Margaret Sanger defendia que mulheres afro-descendentes deveriam abortar. Hoje o lugar mais perigoso para um norte-americano afro-descendente não é algum bairro violento, mas sim o corpo da própria mãe. O movimento abortista tem prejudicado tanto a população negra que atualmente existem movimentos de preservação da gestação de bebês negros. Um deles é o Black Genocide, que alerta: “Para cada duas mulheres afro-americanas grávidas, uma vai abortar”.

2. O feto não é um adulto, mas é uma pessoa



É comum que os defensores do direito ao aborto livre digam “o feto não é uma pessoa ainda”. Este argumento é extremamente falho e fraco, e resiste apenas quando o lado anti-abortismo não estudou o básico sobre Biologia. O que caracteriza a espécie é o DNA, e o feto tem DNA humano; além disto, tem metabolismo, caracterizando - sem dúvidas -, a vida.
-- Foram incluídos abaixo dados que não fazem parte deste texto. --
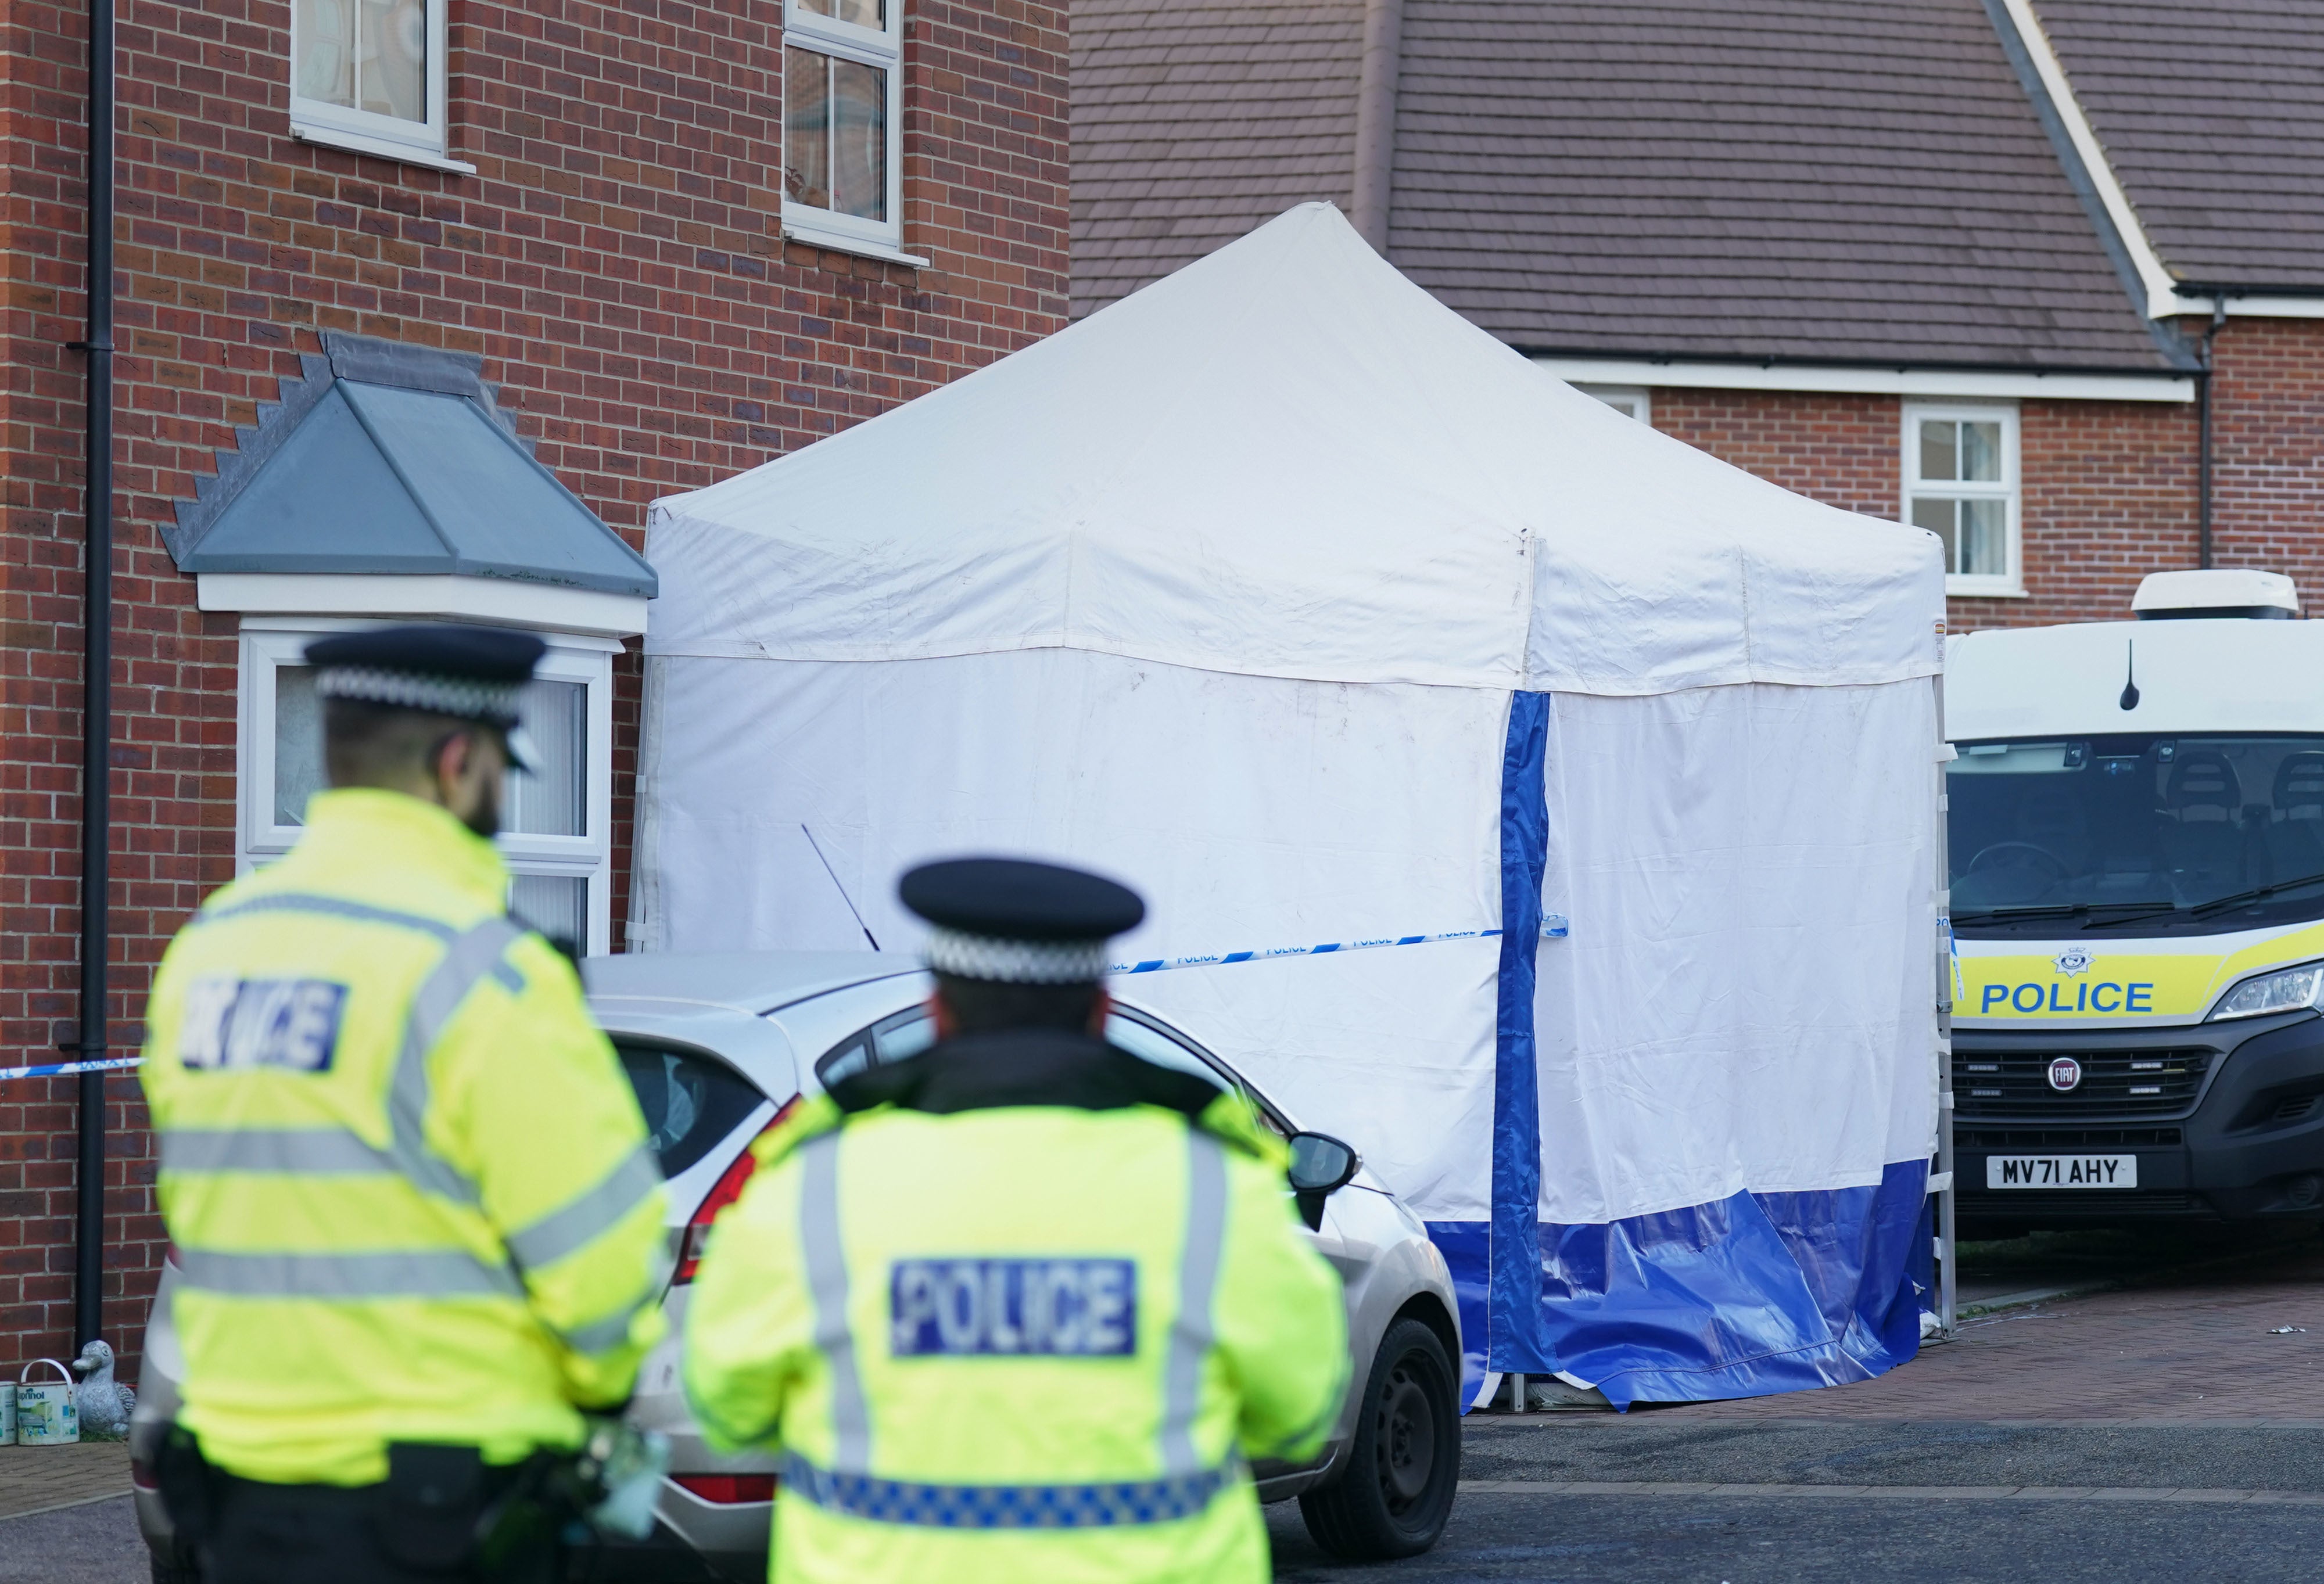 Norfolk Police have referred themselves to the IOPC after receiving a 999 call an hour before the bodies were discovered

E o requisito do DNA é tão importante que mesmo um vírus é considerado vida pelo fato de poder ter DNA, e nem sempre tem.

3. A lei serve para igualar as forças, e neste caso o feto é a força mais fraca


A função da lei é fazer o forte e o fraco terem acesso à defesa e à justiça. Do contrário, o mais forte sempre venceria o mais fraco. E no caso do aborto, o feto representa a força mais fraca e a gestante a força mais forte. Portanto a lei ser contra o aborto não se trata simplesmente da liberdade da mulher, mas sim de defesa da vida humana mais fraca.